Partition and Shuffle

This work is supported by Continuum Analytics and the XDATA Program as part of the Blaze Project

This post primarily targets developers.

tl;dr We partition out-of-core dataframes efficiently.

Partition Data

Many efficient parallel algorithms require intelligently partitioned data.

For time-series data we might partition into month-long blocks. For text-indexed data we might have all of the “A”s in one group and all of the “B”s in another. These divisions let us arrange work with foresight.

To extend Pandas operations to larger-than-memory data efficient partition algorithms are critical. This is tricky when data doesn’t fit in memory.

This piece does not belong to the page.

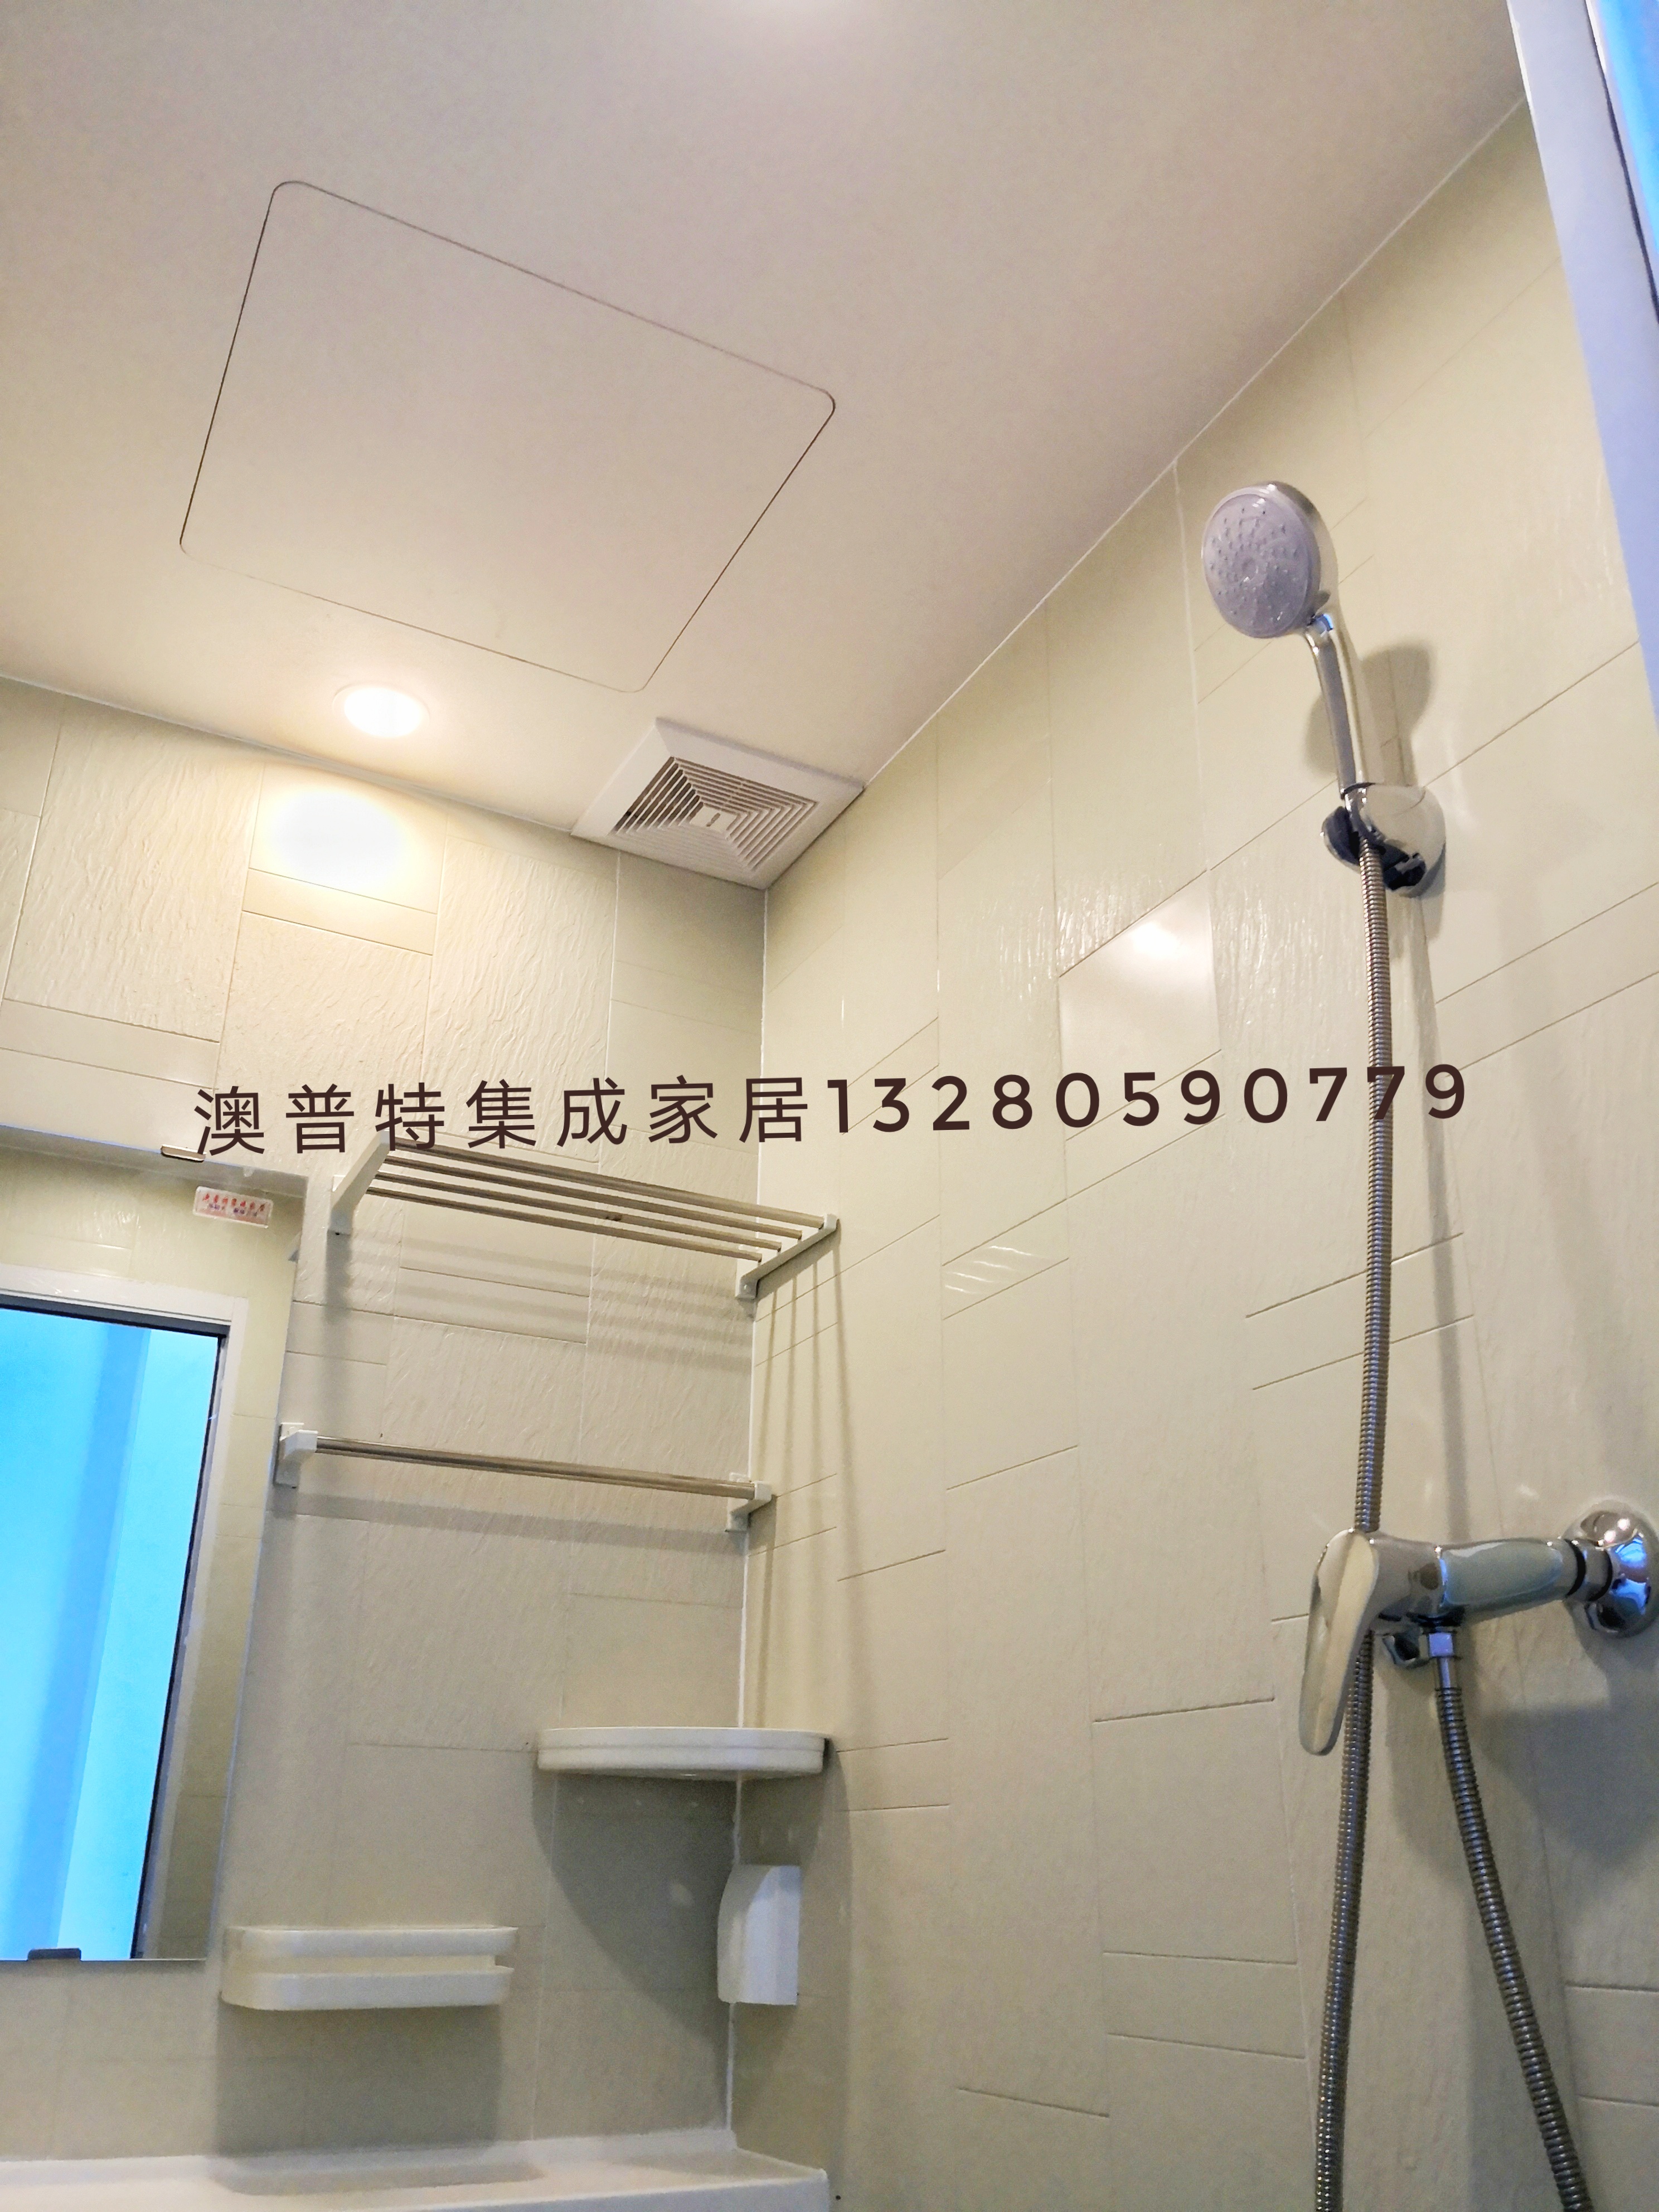 整体浴室 集式卫生间 临沂澳普特集成家居 日式整体卫生间 价格实惠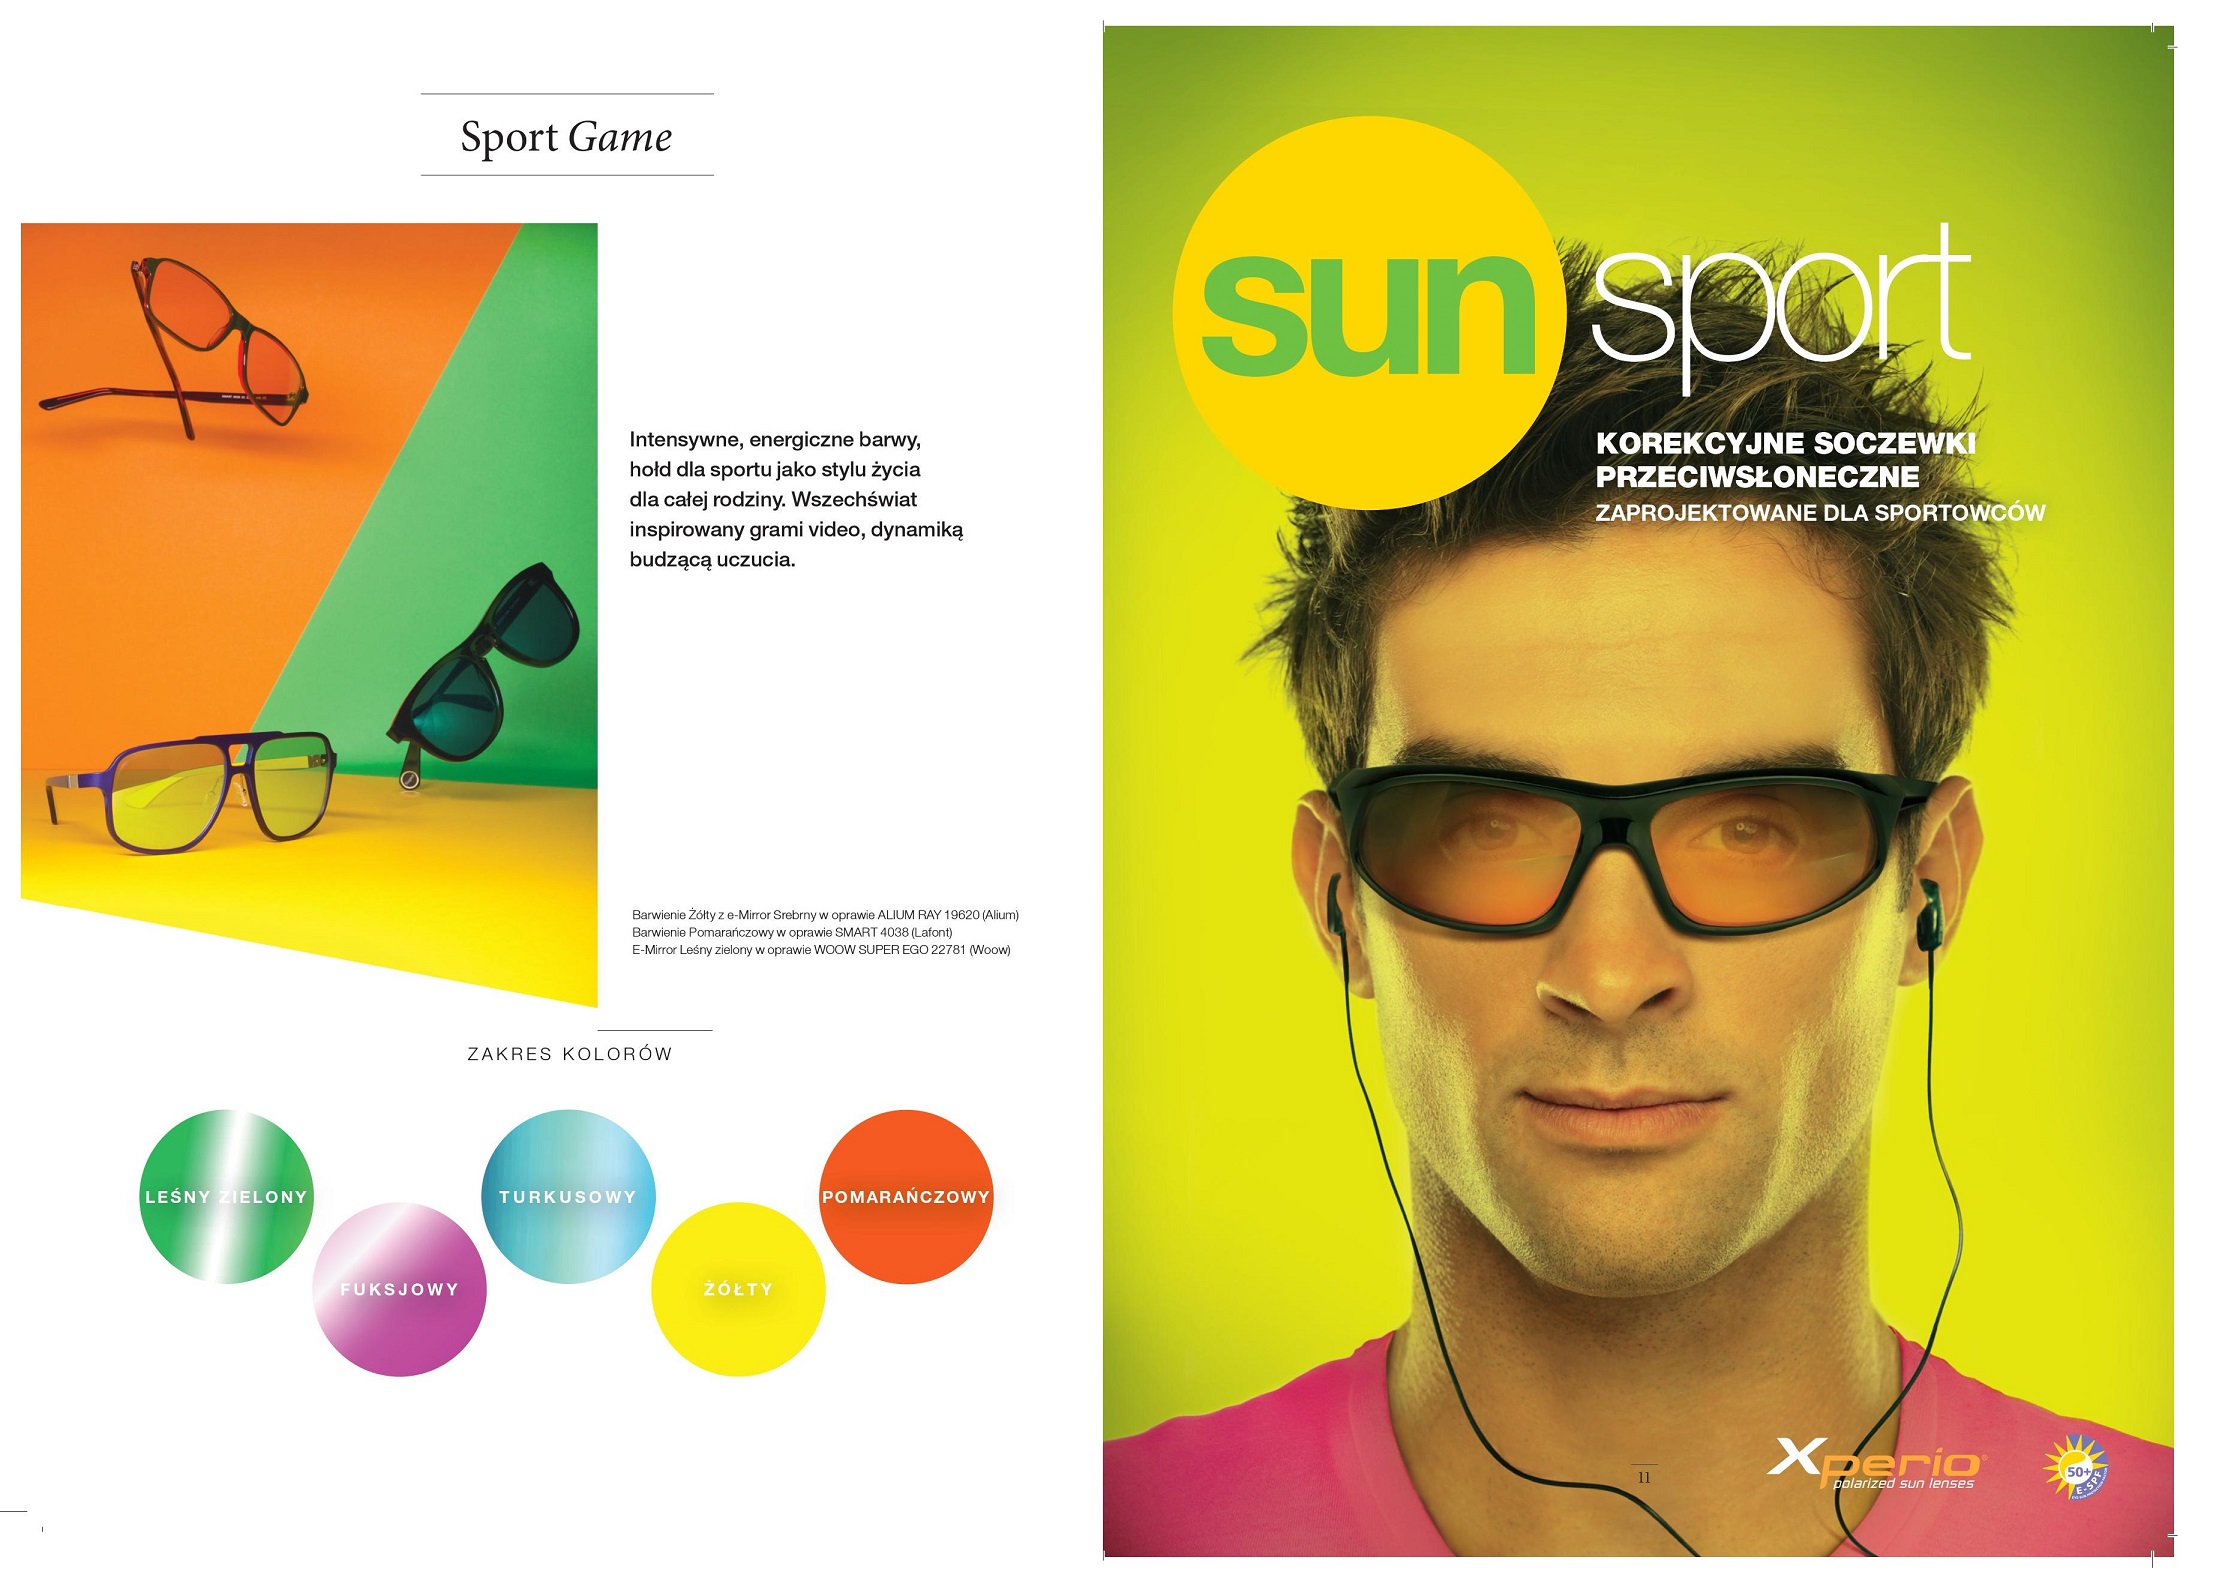 sun sports

Partitioning is fundamentally hard

Data locality is the root of all performance
    -- A Good Programmer

Partitioning/shuffling is inherently non-local. Every block of input data needs to separate and send bits to every block of output data. If we have a thousand partitions then that’s a million little partition shards to communicate. Ouch.

Shuffling data between partitions

Consider the following setup

  100GB dataset
/ 100MB partitions
= 1,000 input partitions

To partition we need shuffle data in the input partitions to a similar number of output partitions

  1,000 input partitions
* 1,000 output partitions
= 1,000,000 partition shards

If our communication/storage of those shards has even a millisecond of latency then we run into problems.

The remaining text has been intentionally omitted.